The Epic of Gilgamesh
Dave Killion — February 17, 2012
In studying the history of liberty, I have found many scholars begin with the Epic of Gilgamesh, citing it as the earliest written example of using one power to check and balance another. There are various versions of the tale, but a widely accepted version is something like this -
Gilgamesh is king of Uruk, in Mesopotamia. Two thirds god and one third man, all things are known to him. His beauty is perfect, his strength is terrible. He has built great things, and none can withstand him. And like so many men of power, he can not leave the young girls alone. On the night of every wedding, Gilgamesh rapes the new bride, thereby flaunting his dominance and humiliating his people, who can only pray to the gods for relief.
In answer to their prayers, the gods create an artificial man.

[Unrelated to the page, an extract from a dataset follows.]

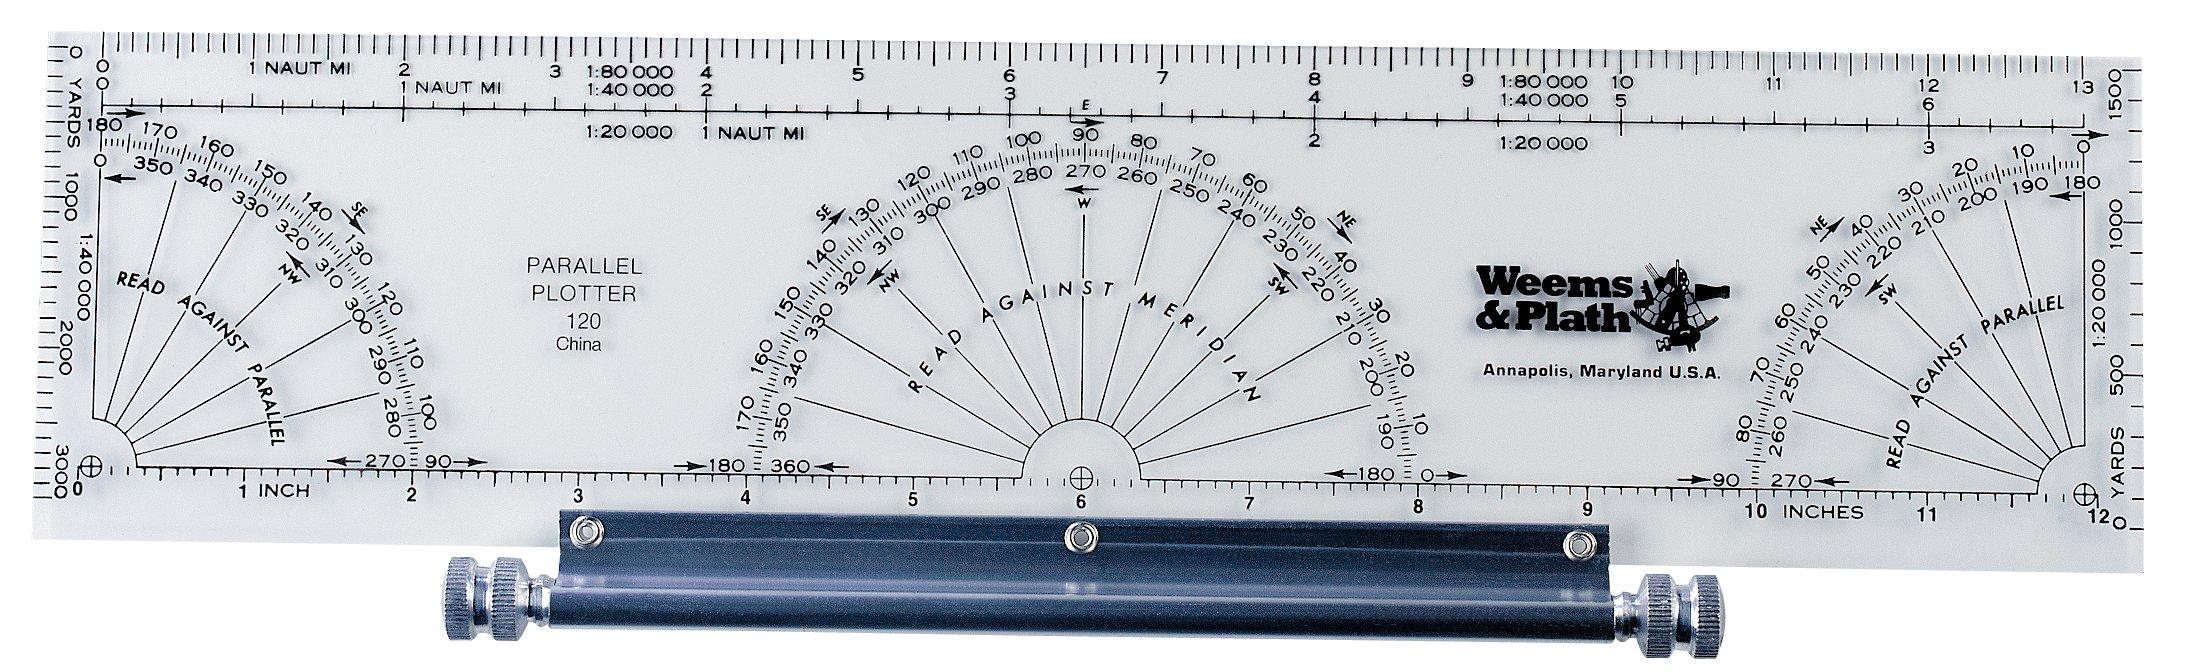 Weems & Plath Marine Navigation Parallel Plotter by Weems & Plath ...

He is named Enkidu and he lives with the wild beasts, knowing nothing of mankind. In time, Gilgamesh comes to hear of Enkidu, and he sends Shamat to seduce him. A beauty of substantial sexual prowess, Shamat civilizes Enkidu by having sex with him for six days and seven nights. Satisfied, Enkidu tries to return to the beasts, but they don’t know him anymore, and flee his approach.
Shamat convinces Enkidu to return to Uruk, and tells him of Gilgamesh and his lust. Incensed, Enkidu blocks the street leading to the home of a newly-wedded woman and awaits Gilgamesh. When the king arrives, the two grapple in a ferocious battle until, at last, Enkidu acknowledges the superior strength of Gilgamesh. They embrace, and their friendship is sealed. Gilgamesh and Enkidu then embark on a series of travels and adventures, distracting Gilgamesh from his oppression of his people.
There is more of the epic following this, but this is the portion relevant to the history of liberty. The version linked above can be read in less than half an hour, and is well worth making time for.